Эфрос приготовляет теперь все для встречи Анны Ахматовой в Москве. Ее встретят колокольным звоном 3-го января (она со Щеголевым выезжает 2-го), Эфрос пригласил ее жить у себя.

— Но не хочется мне жить у Эфроса. По наведенным справкам, у него две комнаты и одна жена. Конечно, было бы хуже, если бы было наоборот: одна комната и две жены, но и это плохо.

— Да он для вас киот приготовляет, — сказал Тихонов. — Вы для него икона…

— Хороша икона! Он тут каждый вечер тайком приезжал ко мне…

Тихонов, смеясь, рассказал, как Эфрос условился с ним пойти к Анне Андреевне в гости и не зашел за ним, а отправился один, «а я ждал его весь вечер дома».

— Вот то-то и оно! — сказала Ахматова. Она показала мне свою карточку, когда ей был год, и другую, где она на скамейке вывернулась колесом — голова к ногам, в виде акробатки: — Это в 1915-м. Когда уже была написана «Белая Стая», — сказала она.

Бедная женщина, раздавленная славой.

30 декабря. Вчера самый неприятный день моей жизни: пришел ко мне утром в засаленной солдатской одежде, весь потный, один человек красивый, изящный, весь горящий, и сказал, что у него есть для меня одно слово, что он хочет мне что-то сказать первый раз за всю жизнь, — что он для этого приехал из Москвы, — и я отказался его слушать.

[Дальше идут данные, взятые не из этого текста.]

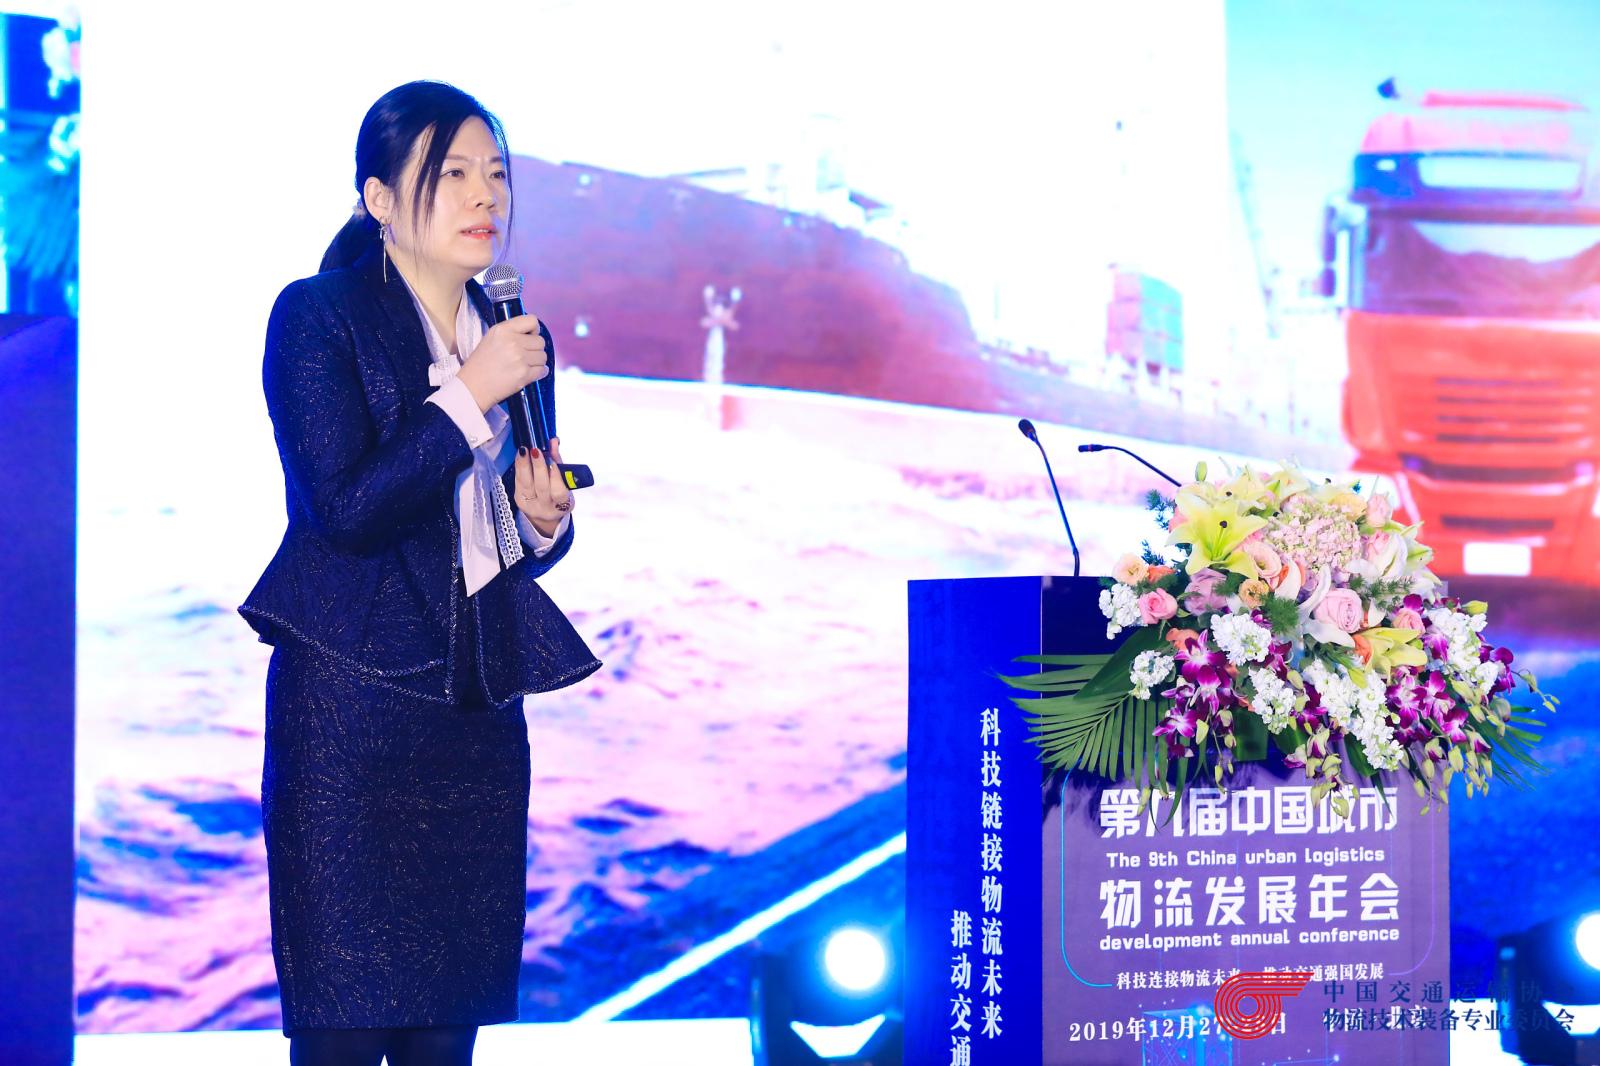 中电骏途新能源科技有限公司总经理张思瑶

Мне казалось, что я занят, что я тороплюсь, но все это вздор: просто не хотелось вскрывать наскоро замазанных щелей и снова волноваться большим, человеческим. Я ему так сказал; я сказал ему:

— Нужно было прийти ко мне лет десять назад. Тогда я был живой человек. А теперь я литератор, человек одеревенелый, и изо всех людей, которые сейчас проходят по улице, я последний, к кому вы должны подойти.

— Поймите, — сказал он тихим голосом, — не я теряю от этого, а вы теряете. Это вы теряете, не я.

И ушел. А у меня весь день — стыд и боль и подлинное чувство утраты.